Who would’ve guessed that the previously unheralded Core Design could produce one of gaming’s most iconic female action leads? Damn no one, but courtesy of hindsight we can now look back and behold the primordial 3D action adventure that was Tomb Raider in all its angular glory, and delve into a franchise that’s still very much alive and kicking, spanning some ten games thus far. It all started here.

So what’s all the fuss about? Typically we’ve seen fragments of this genre before, from as far as back as Jordan Mechner’s exceptional Prince of Persia (1989), and don’t forget the advent of the 3D platformer (Crash Bandicoot), or the actual female protagonists throughout adventure gaming (remember Alone in the Dark’s (1992) Emily Hartwood?).


Ransack ancient tombs and all that jazz.

But Tomb Raider is obviously different. It’s no platformer, albeit it’s not completely dissimilar. It’s a 3D adventure game through and through, combining the marvels of early 3D texture-mapped graphics with cool exotic locales (sporting what was then revolutionary level design) and a finely animated heroine. You send athletic British aristocrat turned treasure hunter Lara Croft jumping, running, climbing and swimming through 15 long-forgotten ancient sights. These include an Incan city hidden deep in the Peruvian mountains, a Greco-Roman labyrinth, an Egyptian ruin, and, finally, the Pyramid of Atlantis.

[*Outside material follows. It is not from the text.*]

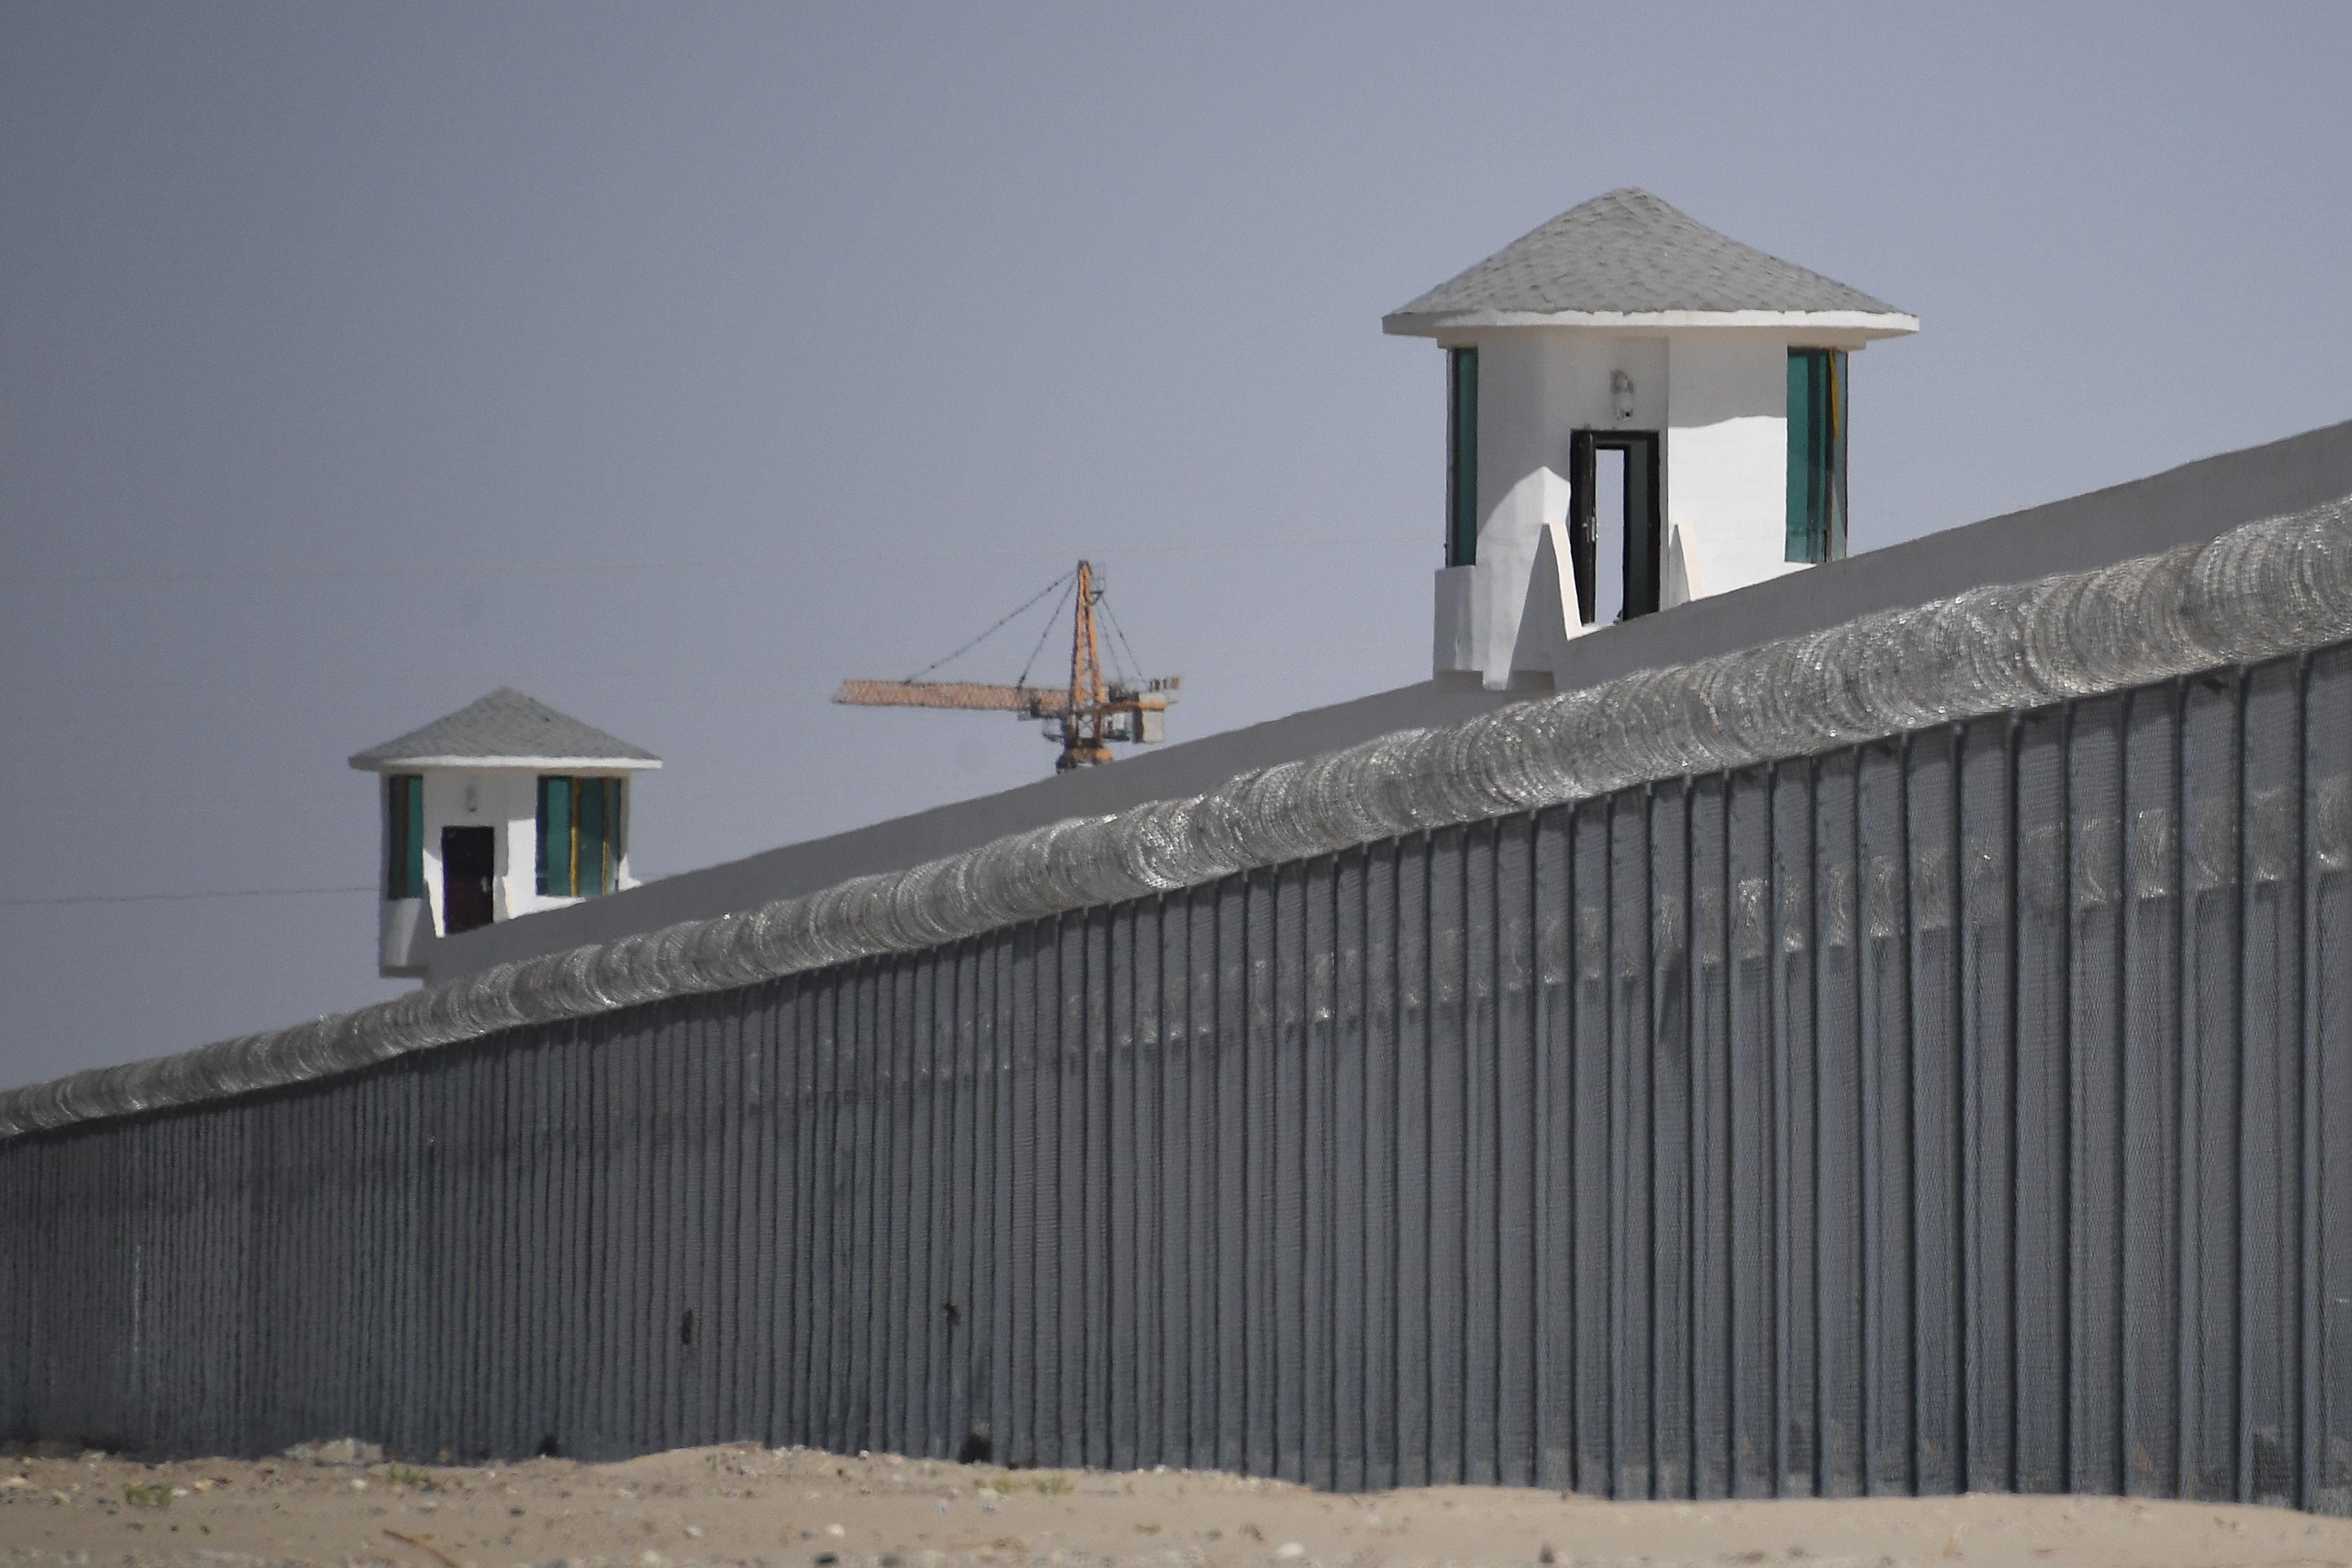 This photo taken on May 31, 2019 shows watchtowers on a high-security facility near what is believed to be a re-education camp where mostly Muslim ethnic minorities are detained, on the outskirts of Hotan, in China's northwestern Xinjiang region. - As many as one million ethnic Uighurs and other mostly Muslim minorities are believed to be held in a network of internment camps in Xinjiang, but China has not given any figures and describes the facilities as "vocational education centres" aimed at steering people away from extremism. (Photo by GREG BAKER / AFP) / TO GO WITH AFP STORY CHINA-XINJIANG-MEDIA-RIGHTS-PRESS,FOCUS BY EVA XIAO (Photo credit should read GREG BAKER/AFP via Getty Images)

The thinnest thread of a story ties it all together, but you’ll tend to forget the plot when you’re dangling from a ledge a few stories high; this game delivers more drama and danger than any fiction could, since you’re actually controlling the action as it unfolds in front of your character and not going about as a disembodied entity.

Time To Raid Some Tombs

Lara always did make a smashing action game hero, a sort of Indiana Jane. The third-person 3D viewpoint puts more of an emphasis on character and animation, and the designers have given her the grace of a gymnast and the strength of a bodybuilder. The animation is at times breathtaking in its grace, offering some of that same awe we’ve experienced with the original Prince of Persia. It also makes you care a lot more for the character you’re controlling, as so elegantly put by Core Design’s art guys in an interview during development: “Psychologically, a male playing the game will be more involved with a female character, in some macho protective little farty way.” Perhaps.

As wonderful as Lara is, the game would be another exercise in character marketing over gameplay (Crash Bandicoot) if it weren’t for the level design. The levels are massive (a map feature would have been appreciated), and full of nooks and crannies to explore. The secret areas aren’t found by running along walls trying to find secret panels; instead, you’ll find them by exploring the fringes of a level, looking for caves only accessible by insane leaps or weird combinations of jumping and climbing.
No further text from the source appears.